No Médio Oriente, a afronta americana ao declarar unilateralmente Jerusalém capital de Israel lançou gasolina a uma fogueira que precisava de ser apagada. Foi o ‘bye-bye’ definitivo a qualquer esperança de novo processo de paz. 

Em vez disso, começa a desvendar-se um plano traçado na sombra por dois “trintões” não eleitos mas com um poder desmesurado em Washington e Riade: Jared Kushner, genro de Trump, o “enviado-especial” do Presidente dos EUA para refazer o jogo de forças no Médio Oriente (e não, afinal, um qualquer “processo de paz”) e o príncipe Mohamed bin Salman, 32 anos, a quem o Rei Salman, de saúde cada vez mais debilitada, passou quase todo o poder e que não perdeu tempo a lançar uma ofensiva interna “anti-corrupção” -- e que terá como agenda principal para a região uma coligação anti-Irão, tendo os EUA e, voilà!, Israel, mesmo que isso implique a desconfiança e a desorientação interna de aliados árabes de americanos e sauditas. 

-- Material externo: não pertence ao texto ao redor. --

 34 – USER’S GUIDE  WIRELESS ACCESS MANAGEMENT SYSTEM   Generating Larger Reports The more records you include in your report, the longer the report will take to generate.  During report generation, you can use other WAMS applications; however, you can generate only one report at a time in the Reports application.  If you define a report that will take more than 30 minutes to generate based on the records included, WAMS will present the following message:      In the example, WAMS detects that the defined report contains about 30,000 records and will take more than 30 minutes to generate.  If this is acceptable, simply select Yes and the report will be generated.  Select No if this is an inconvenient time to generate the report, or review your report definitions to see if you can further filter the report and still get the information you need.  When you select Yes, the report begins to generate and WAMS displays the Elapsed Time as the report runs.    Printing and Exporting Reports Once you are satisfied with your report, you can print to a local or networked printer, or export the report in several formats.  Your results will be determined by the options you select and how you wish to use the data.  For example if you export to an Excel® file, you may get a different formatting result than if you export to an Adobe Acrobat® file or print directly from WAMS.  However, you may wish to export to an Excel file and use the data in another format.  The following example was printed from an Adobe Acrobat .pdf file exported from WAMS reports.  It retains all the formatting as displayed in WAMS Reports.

A China de Xi Jinping agradece. No ano em que os EUA reduziram o seu investimento em ciência e investigação para menos de 4% do PIB (era 10% na década de 60), a China anuncia aposta cada vez maior nessas áreas. O Google abrirá, em 2018, o seu primeiro laboratório de pesquisa em inteligência artificial na China. 

Novo conceito de segurança: protecionismo 

Há um traço definidor na ação de Trump: o atual Presidente dos EUA vê a proteção dos interesses americanos, incluindo os interesses económicos e laborais, como um problema de segurança nacional. 

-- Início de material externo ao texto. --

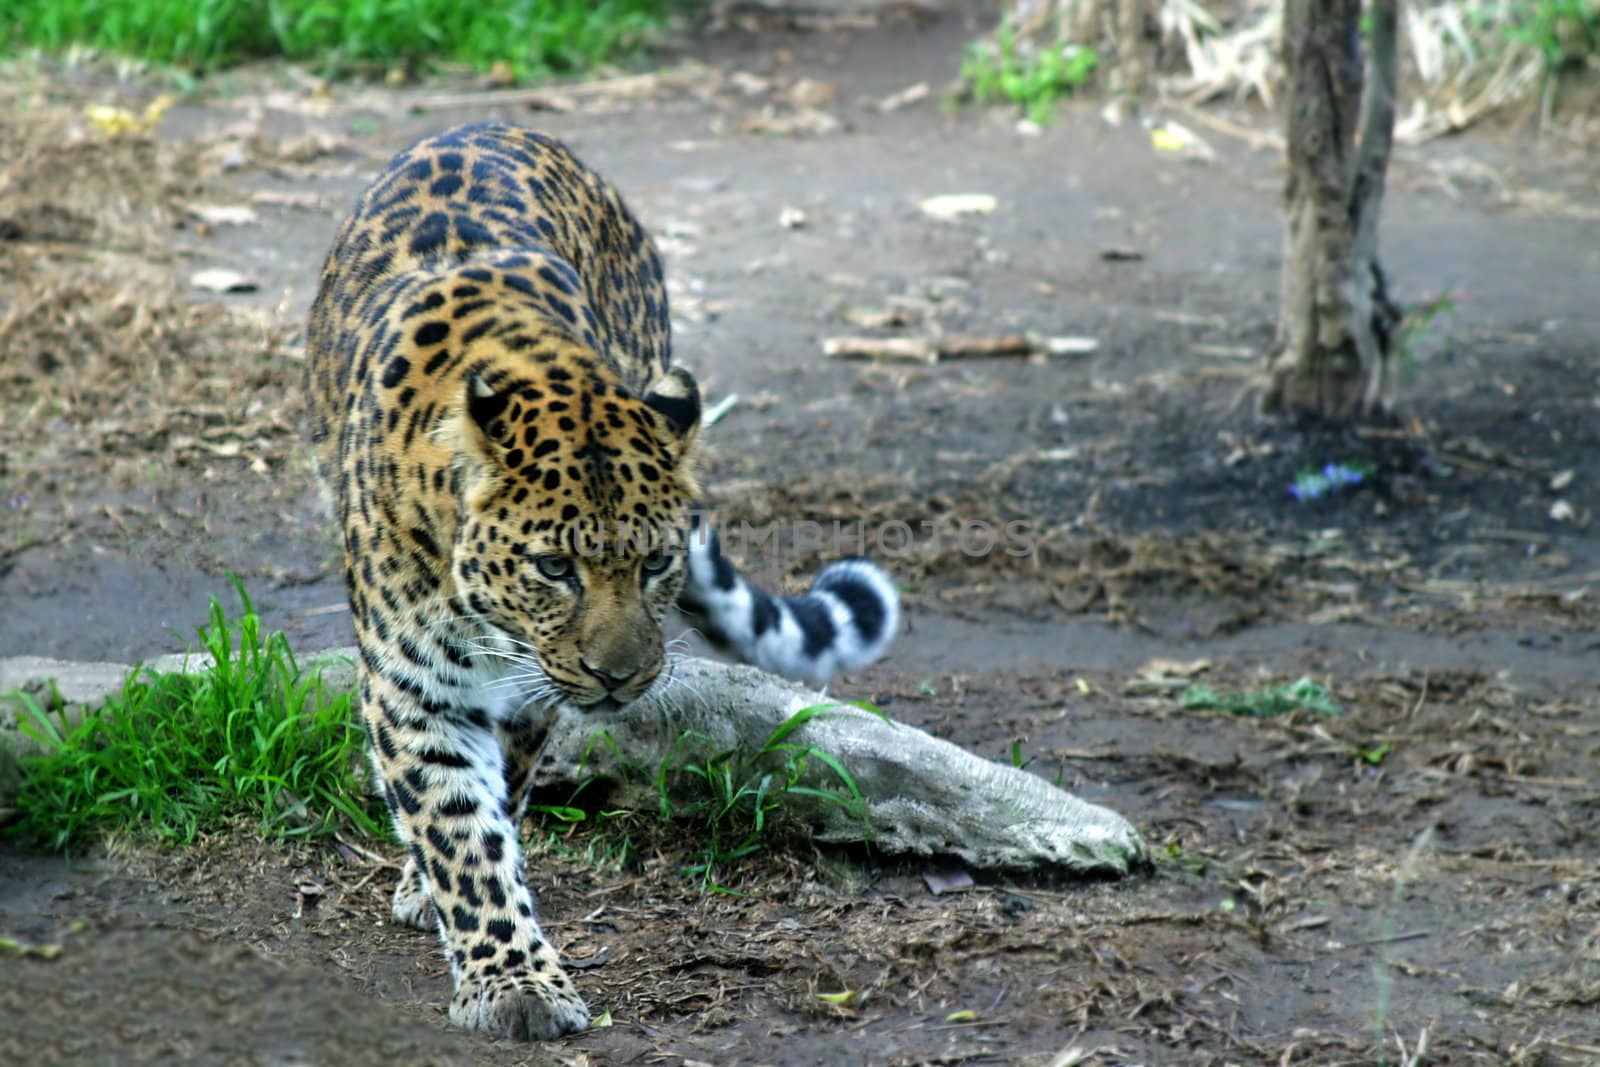 The critically endangered Amur Leopard is the one of the rarest subspecies of leopard in the world.

Daí o seu discurso hostil à China e aos mexicanos durante a campanha. Daí a associação (absolutamente abusiva) que na Travel Ban quis fazer entre conceitos tão diferentes como ameaça do terrorismo/entrada nos EUA de cidadãos de países de maioria muçulmana/interesses dos trabalhadores americanos. 

No recente discurso sobre Segurança Nacional, Donald Trump elencou um conjunto de prioridades (e excluiu outras) que denunciam essa visão deturpada que tem da realidade: para o atual inquilino da Casa Branca, as alterações climáticas não são um risco à segurança nacional (em contraste com o seu antecessor, Barack Obama, que em 2015 tinha assinado documento estratégico que apontava a “Climate Change” como “ameaça urgente, crescente e iminente”). 

Trump pretende mesmo manter como “mantra” a ideia de “America First” e elege como ameaças a combater de forma prioritária as ascensões da China e da Rússia como “potências revisionistas”, capazes de desafiar o poder, a segurança e a prosperidade dos Estados Unidos. 

Para Trump, a chave está na proteção do “modo de vida americano”. 

É uma visão que mistura demagogia e delírio de grandeza preso ao passado. 

Não nos podemos esquecer que este foi o Presidente que chegou à Casa Branca prometendo nos estados do Midwest que iria regressar a economia do carvão e das minas – como se isso fosse possível. 

O que é preocupante é que, passado mais de um ano dessa campanha bizarra, muitos dos eleitores Trump nesses estados – perante a objetividade de nada ter sido feito para um suposto regresso a esse “passado glorioso” – ilibam para já o Presidente e continuam a acreditar que ele é “um tipo durão que nos vai proteger”. 

Impensável

"Meus caros concidadãos americanos: fomos, somos e sempre seremos uma nação de imigrantes. Nós próprios já fomos 'estrangeiros' e diferentes, também". Barack Obama, discurso do Estado da União, 2013.

"Porque é que queremos aqui pessoas do Haiti? Porque é que temos todas estas pessoas de países merdosos a virem para cá?". Donald Trump, citado pelo senador democrata Dick Durbin e nunca desmentido por qualquer outro congressista presente na reunião na Sala Oval, 2018.

A História, de facto, nem sempre caminha para o sítio certo. Às vezes recua mesmo muito. Que vergonha. 

Um embaraço que dezenas e dezenas de milhões de americanos, certamente, estarão a sentir neste momento. Isto não é bem um Presidente dos Estados Unidos. Definitivamente.